Mica Todorović | |
Birth Date: | 1900 |
Death Date: | 1981 |
Death Place: | Sarajevo |
Birth Place: | Sarajevo |
Resting Place: | Bare Cemetery |
Style: | Still life |
Known For: | Painting |
Notable Works: | "The Last Victims of Jasenovac and Gradiška" |
Education: | Academy of Fine Arts in Zagreb |
Mica Todorović (1900 - 1981) was a Bosnian painter, who was a founding member of the Association of Fine Artists of Bosnia Herzegovina.
Todorović was born in Sarajevo in 1900.[1] Her secondary education was at the Girls High School there, and in 1920 she enrolled at the Academy of Fine Arts in Zagreb, where she was the only woman in her class.[2] She graduated in 1926 and returned to Sarajevo, which was a centre for all kinds of visual art.[3] She then travelled to Italy, where she studied Renaissance art.[4] During the Second World War she was imprisoned in the Stara Gradiška concentration camp and later deported to Austria to work as forced labour.
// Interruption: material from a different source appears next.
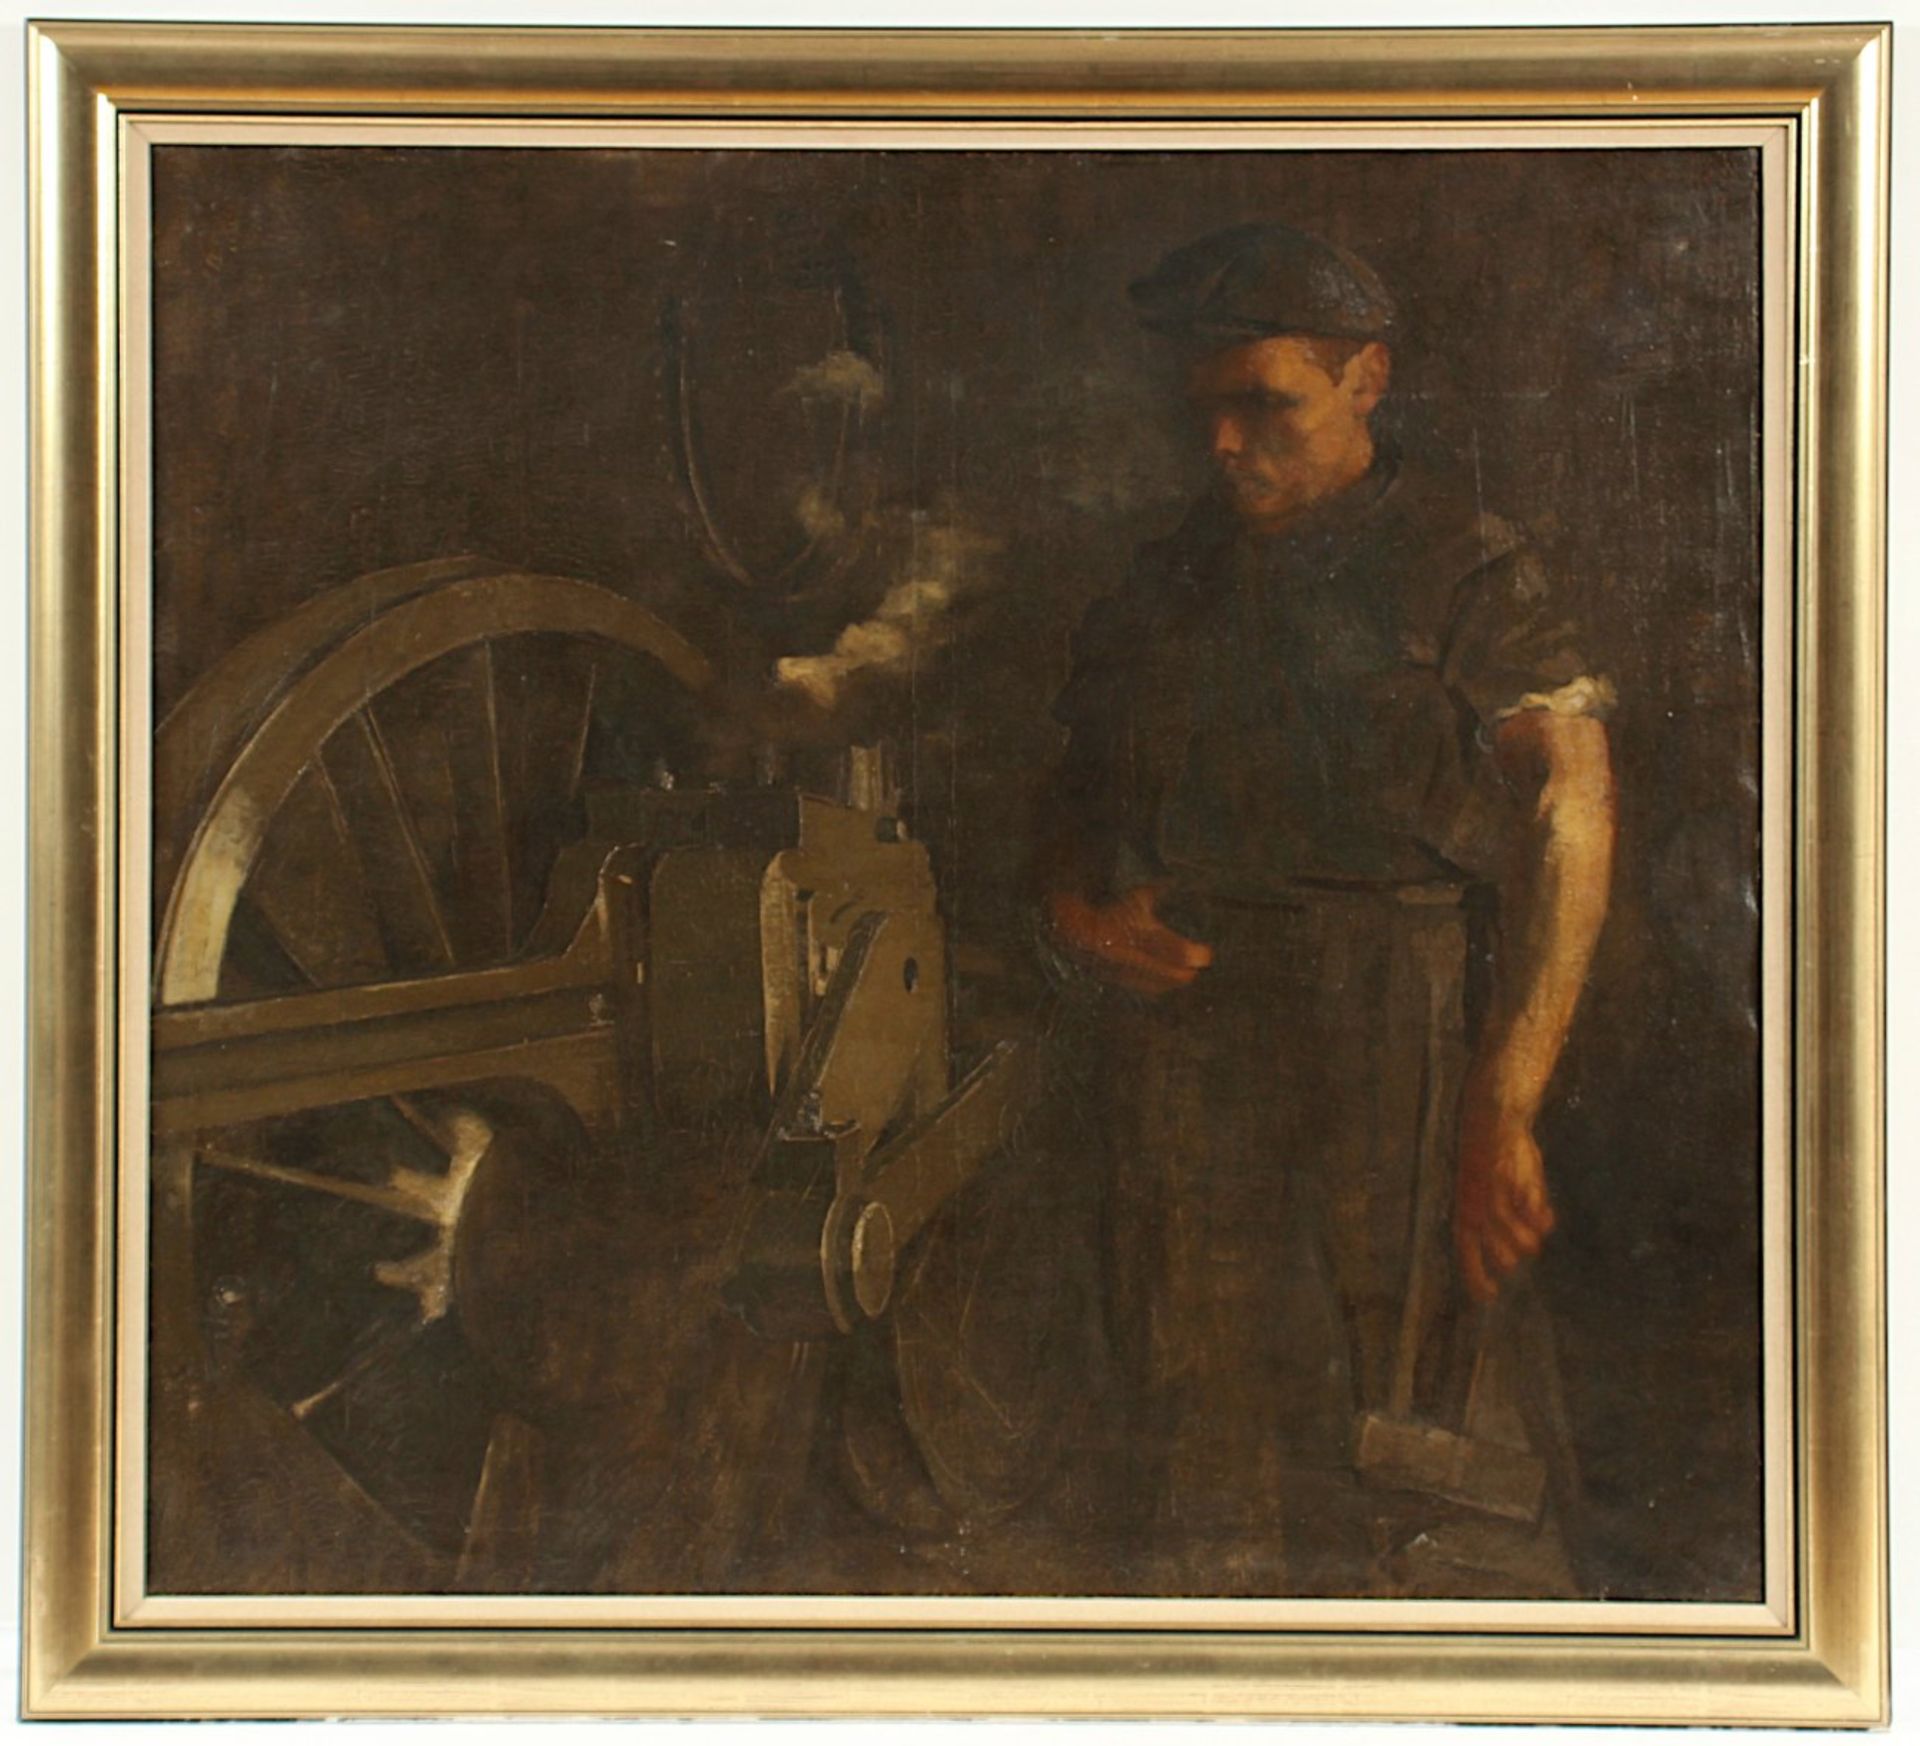 BRÜLL, Aladár (1890-1953), "Arbeiter an einer Lokomotive", Öl/Lwd., 95 x 105, oben rechts signiert

In 1945 she was a founding member of the Association of Fine Artists of Bosnia Herzegovina. She was also the first woman to be a full member of the Bosnian Academy of Sciences & Arts, as a well as a member of the Serbian Academy of Sciences & Arts. She was also one of the first professors at the School of Applied Arts in Sarajevo, where she worked until her retirement. She died in 1981 and is buried in Bare Cemetery.
Todorović's first exhibition was held in England in 1930.[5] As a socialist, she became connected to the collective Zagreb Zemlja, who she exhibited work alongside in Ljubljana, and across Europe. The group was made up of artists working in naïve styles, who wanted to represent working-class life.[6] In 1932 she returned to Sarajevo and was a member of the Communist Party of Yugoslavia. From 1937 she worked primarily with paints, and develops a strong eye for colour.
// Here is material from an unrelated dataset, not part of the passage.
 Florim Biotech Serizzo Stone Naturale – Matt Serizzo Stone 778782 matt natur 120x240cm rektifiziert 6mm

In 1945 she was the only artist to testify at the State Commission for the Establishment of War Crimes in Belgrade, where her series of drawings "The Last Victims of Jasenovac and Gradiška", which depict life in concentration camps, were used as evidence. After the Second World War, human figures disappear from her work and she draws inspiration from objects around her. Despite exhibiting collectively within Yugoslavia, and independently in Europe, Todorović's first solo exhibition did not take place in Belgrade until 1954. She had subsequent shows in Sarajevo in 1962 and 1975 and also in Belgrade once more in 1968.
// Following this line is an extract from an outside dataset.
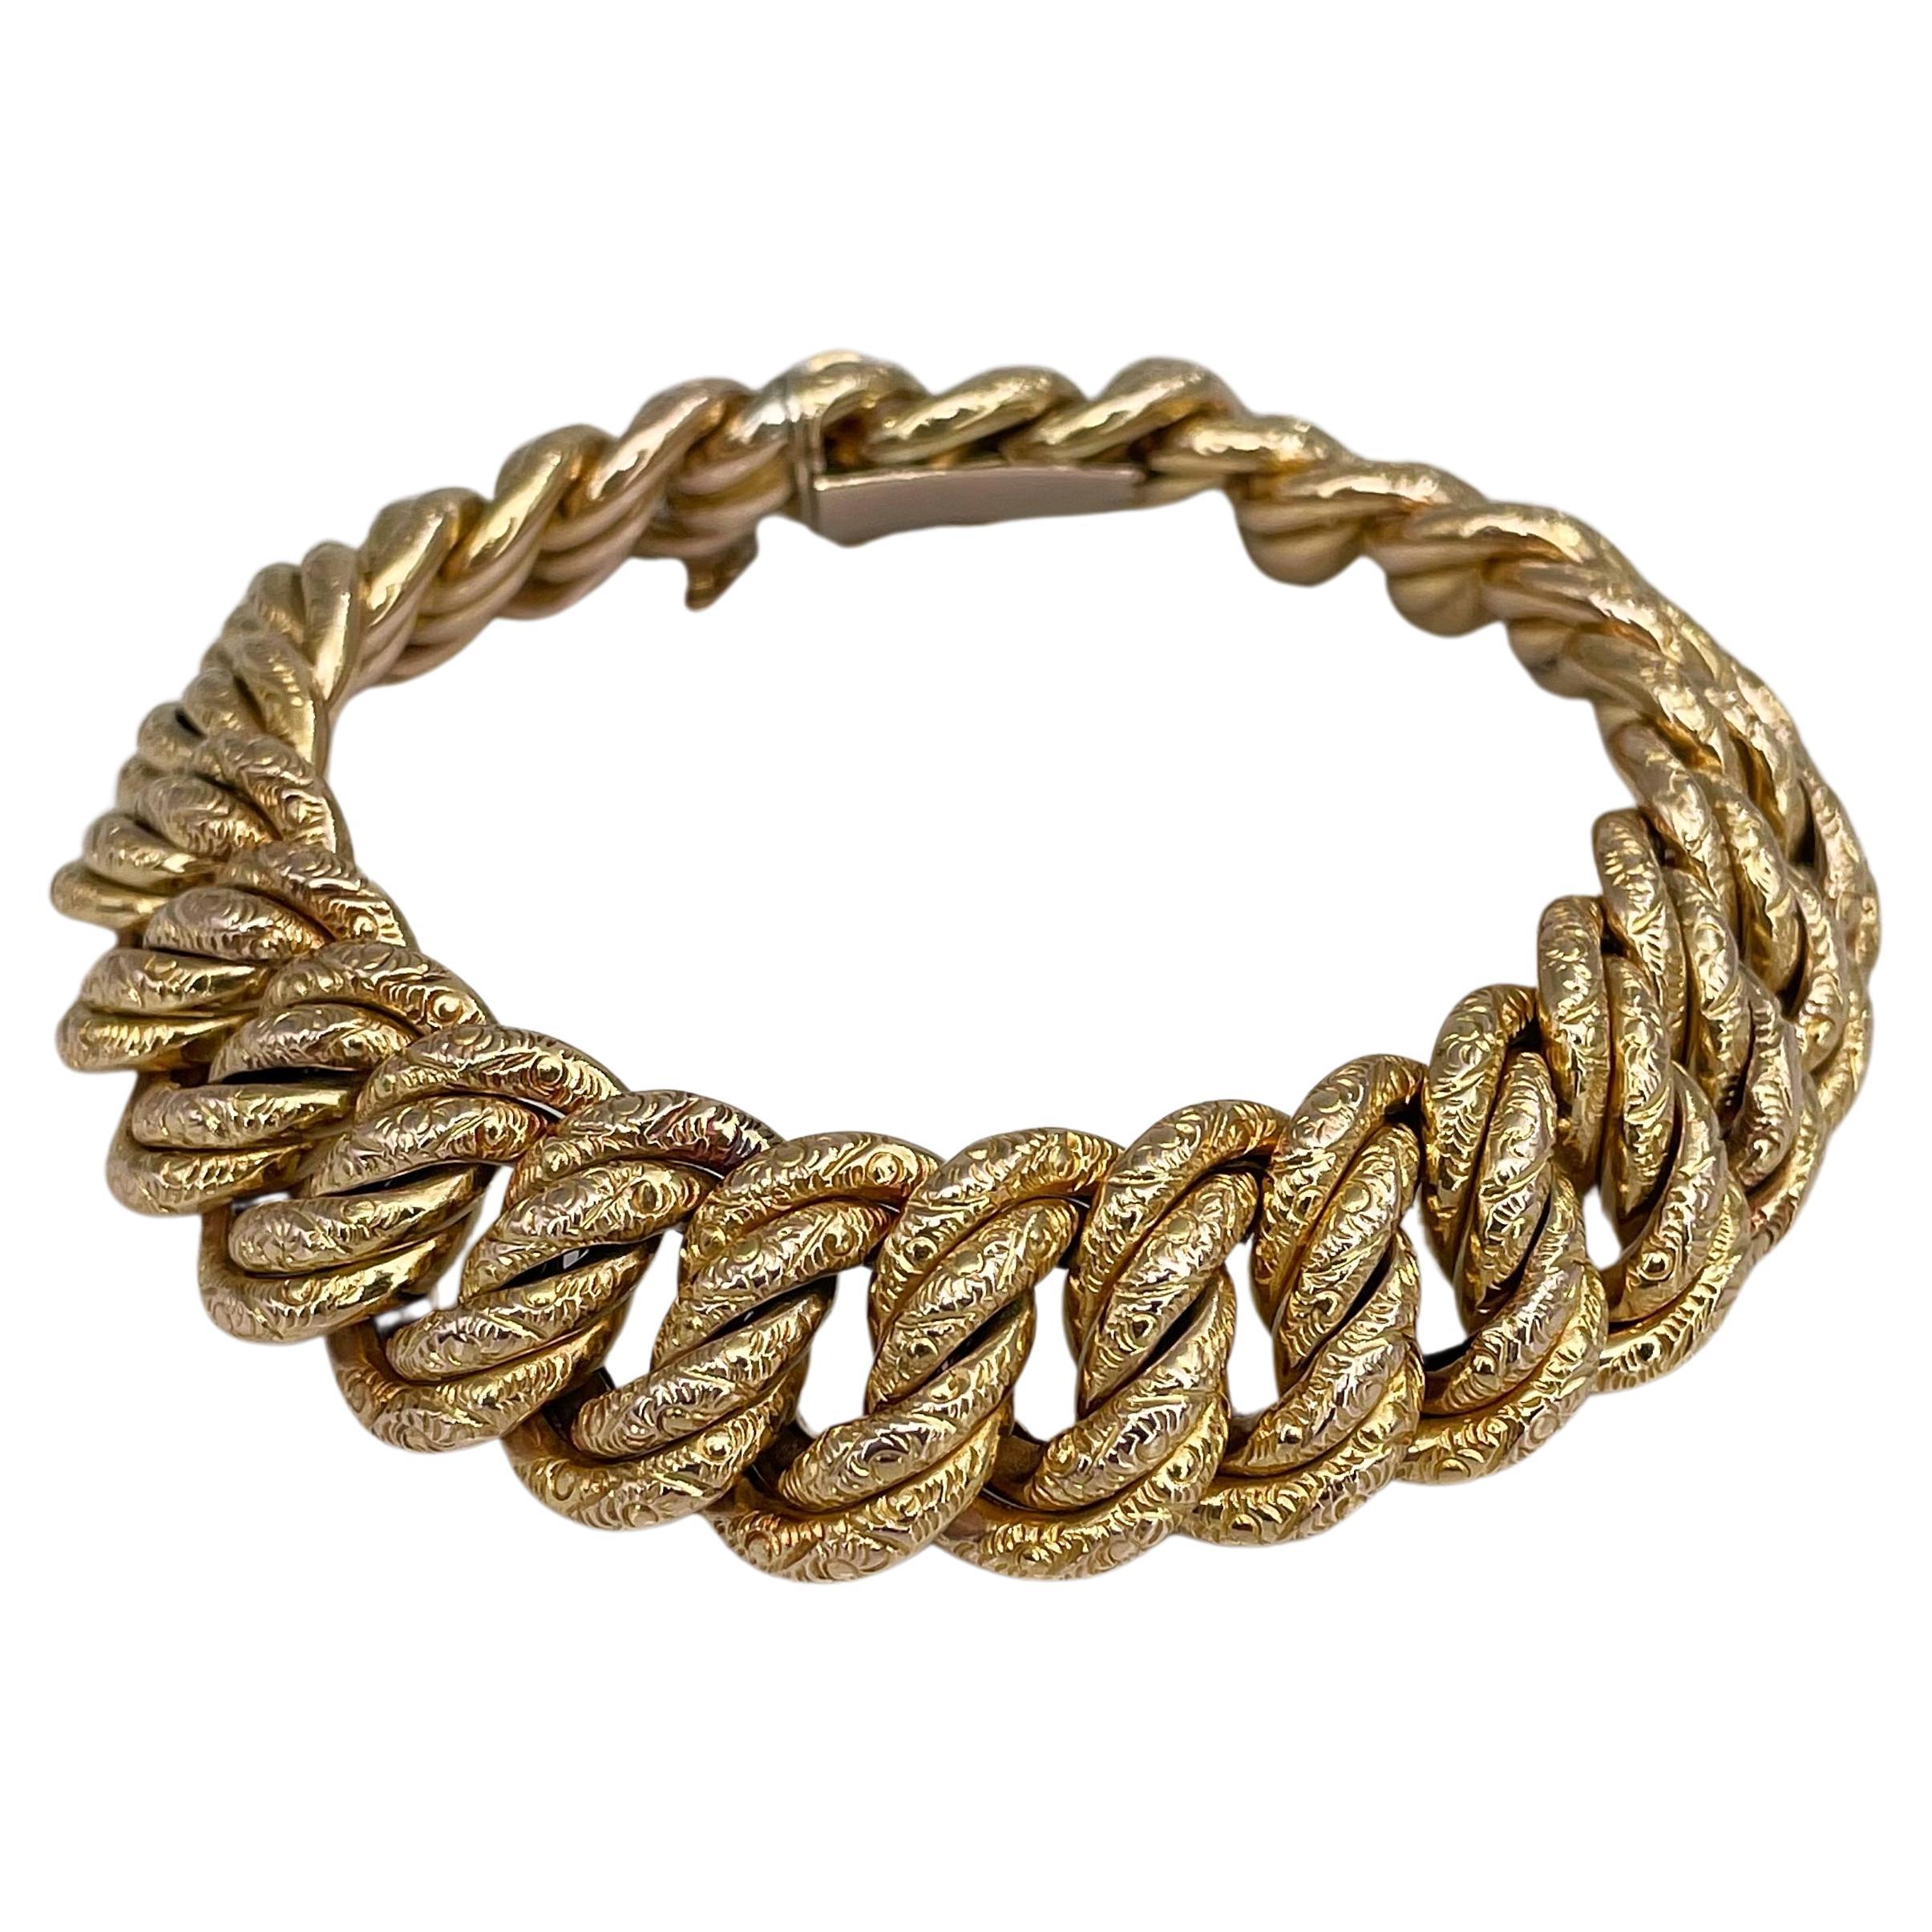 Antique 56 Hallmark Gold Wide Chain Link Bracelet

In 1959, the painting Venice, which is mostly in shades of white, is a turning point in her style and she enters a 'White Phase of her career. From 1962 her work evolves again, this time to include oil pastels as well as paint. In 1980 a retrospective of her work was held at the National Gallery of Bosnia and Herzegovina. In 2019 drawings by Todorović which were created between 1929 and 1933 were exhibited in a show also at National Gallery of Bosnia and Herzegovina.[7] The gallery has over 300 of her works in its collection, some of which are on permanent display.[8]
In 1992 the ten-storey building that belonged to the Oslobođenje newspaper was destroyed, and amongst the losses were photographs taken by Todorović.[9]
A street in Gorica, the area of Sarajevo that she lived in bears her name.